What is AI trust layer infrastructure?

Trust layer infrastructure is a system to enforce machine-readable rules, policies and guardrails on AI so that it can be deployed securely at scale while reducing hallucinations and mistakes.

In regulated domains especially, trust layers need to ensure that AI outputs are explainable, while maintaining sovereignty over data and decision logic.

Why are trust layers needed?

Unreliable or inaccurate AI has become a roadblock to productivity gains and expansion of the agentic web. To be trusted with important tasks at scale, AI needs to operate within defined constraints and eliminate hallucinations wherever possible. To be useful, AI also needs to contextualise its answers to natural language queries – or risk misunderstanding.

Arguably, unreliable AI is caused by an inherent weakness of large language models (LLMs), which work on the basis of statistical probability rather than hard-and-fast rules rooted in semantic consistency or adherence to domain rules. This means their outputs can drift or be inconsistent.

Trust layer infrastructure attempts to address these issues by grounding AI, either deterministically, by means of rules-based structures such as ontologies; or probabilistically, using techniques such as RAG and embeddings.

Do trust layers actually work?

A 2025 paper published in Science Direct by Juan Sequeda et al. explored knowledge graphs as a source of trust for LLM-powered enterprise answer engines, leading to increased accuracy, explainability and governance. This provides evidence that trust layers are improving.

However, the issues surrounding AI reliability and accuracy have not yet been fully resolved. One reason is that applying rules and constraints to data requires domain experts to agree on what those rules are, and what the words they use precisely mean. Only with high levels of consensus can the domain or application be modelled and encoded for AI to read. This tends to be a complicated and time-consuming process that few knowledge engineers or enterprises have the skills or patience to navigate.

Consequently, many current approaches emphasise the provision of higher quality data; in other words, they lean more towards the probabilistic approach, which makes them easier to scale, but still susceptible to inconsistency and error.

How do I implement trust layer infrastructure?

Implementing a trust layer depends on security to stop data from being corrupted; transparency so that system behaviour can be observed; and sovereignty, which entails individual ownership and control.

First, for security and transparency, use your system’s own rules and policies to govern the AI, not an external ‘black box’ API where guessing is allowed. These need to be explicit encoded guardrails, not vague assertions or prompts. This keeps everything inside your security perimeter, and ensures decisions and reports can be audited.

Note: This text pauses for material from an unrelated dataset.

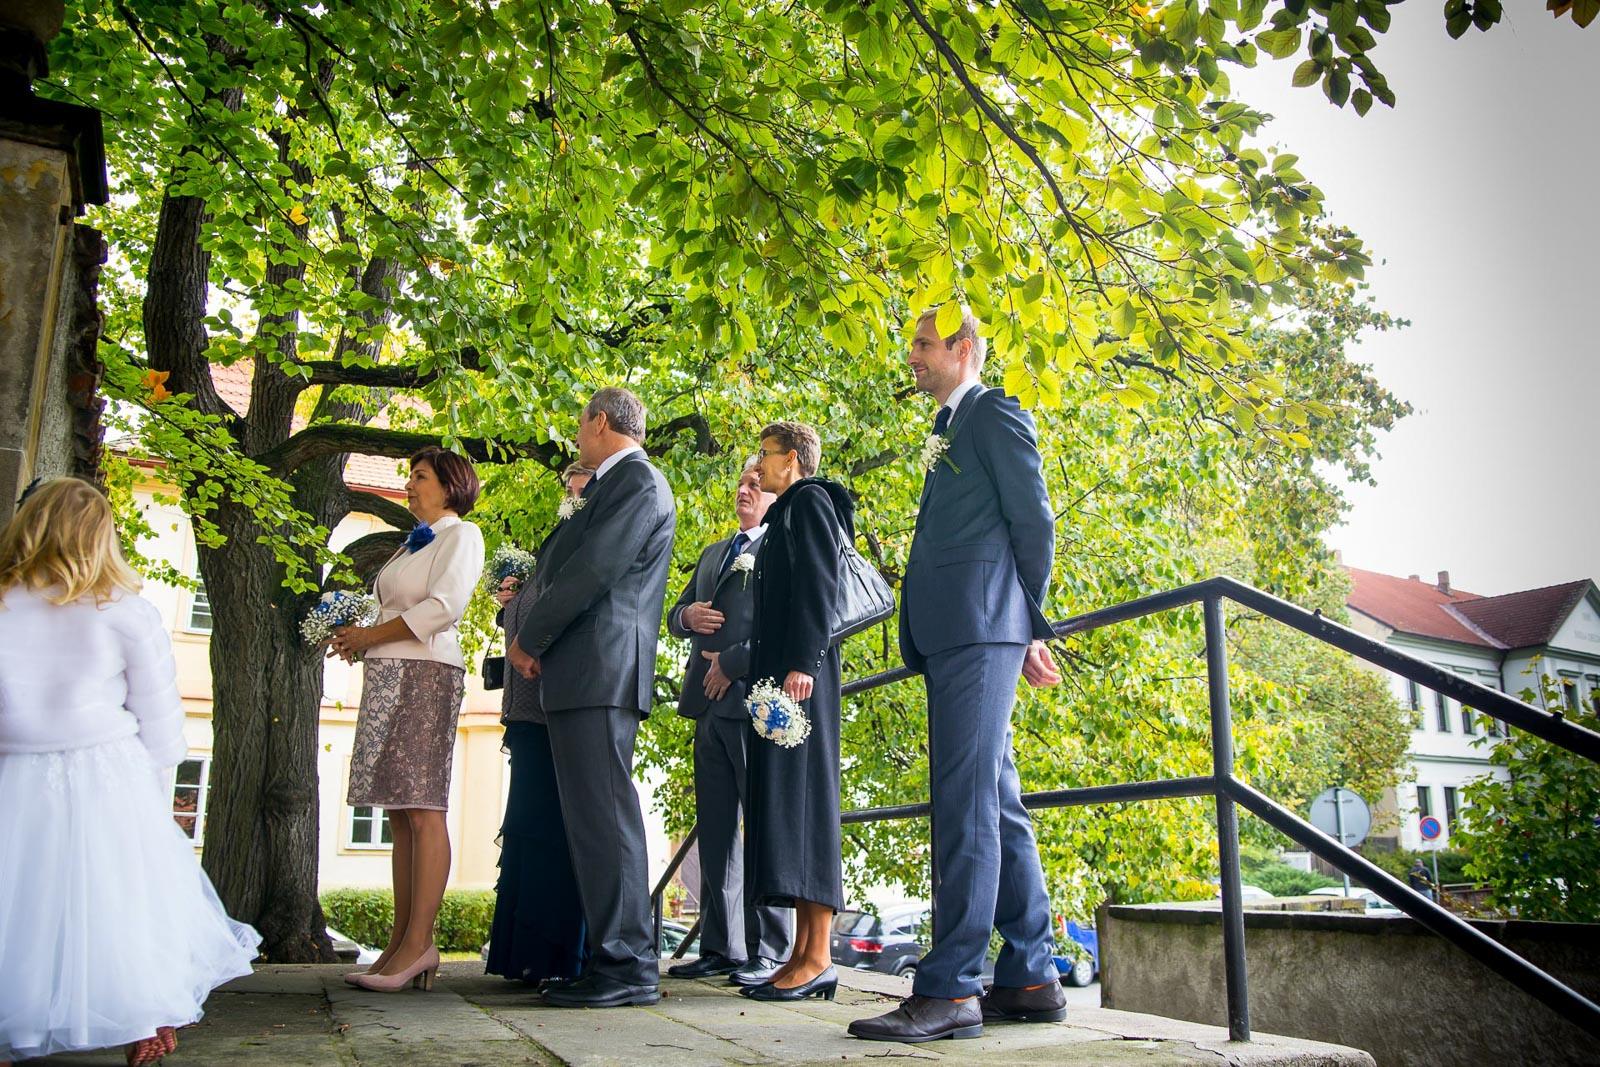 svatba Praha Celakovice svatebni fotograf-83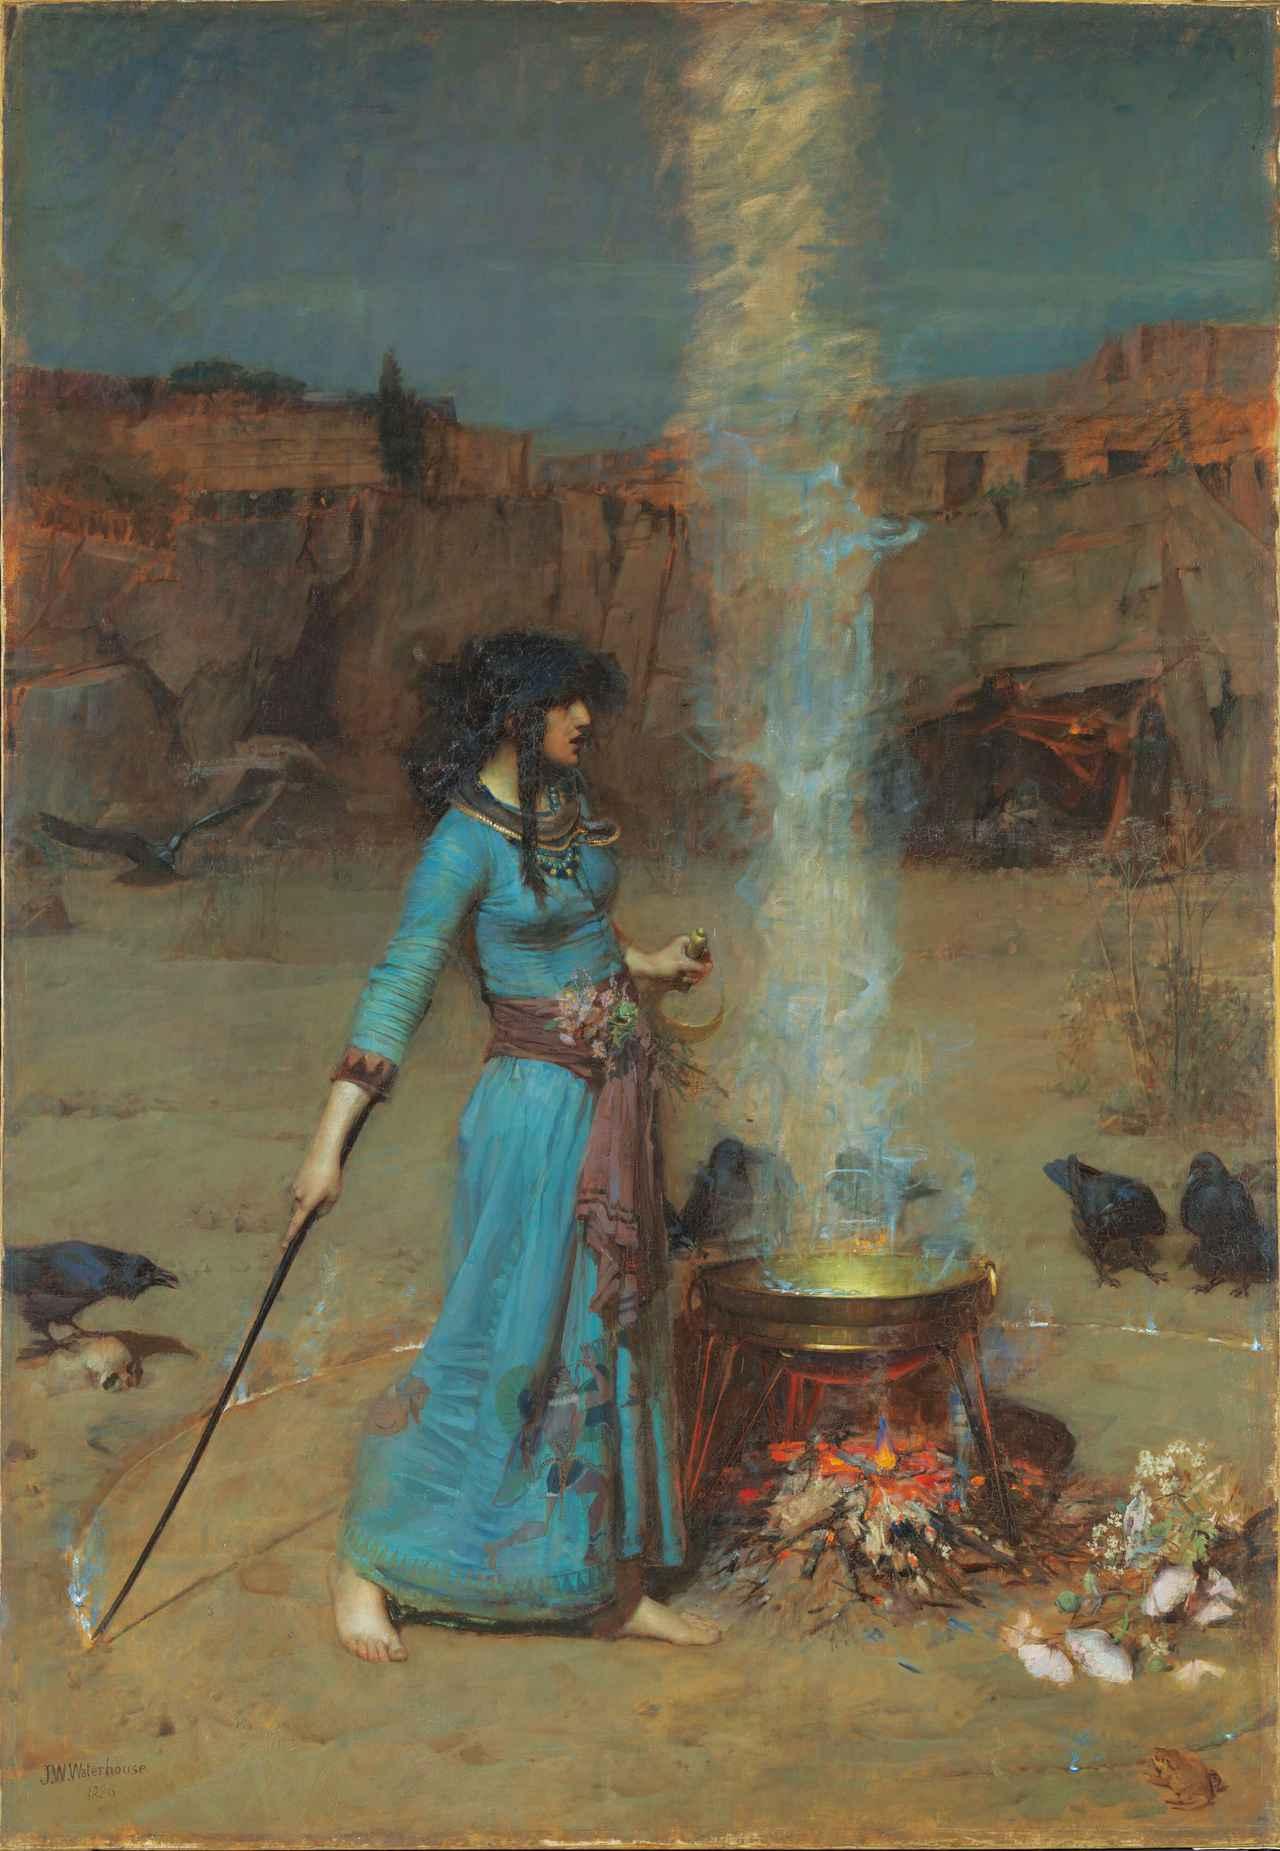 画像: ジョン・ウィリアム・ウォーターハウス《魔法円》 1886年 油彩/カンヴァス テート蔵 ©Tate, London 2019

Second, transparency also means monitoring. Where possible, AI should maintain a live inventory of what’s deployed, and be able to detect drift between desired and actual states.

Third, to build trust in a system among human users, and give them a sense of ownership and control (sovereignty), your team needs to be proactive in formulating the rules and policies that govern the AI. Despite the appeal of rolling out automation at pace, human sign-off should be considered for critical actions such as deletes and network reconfigurations. AI needs to explain what it is going to do before it does it – especially when the costs of an error are likely to compound at scale.

Humans also need to be accountable: every action must leave behind it a human-readable audit trail, so that problems can be understood, corrected, and avoided in future.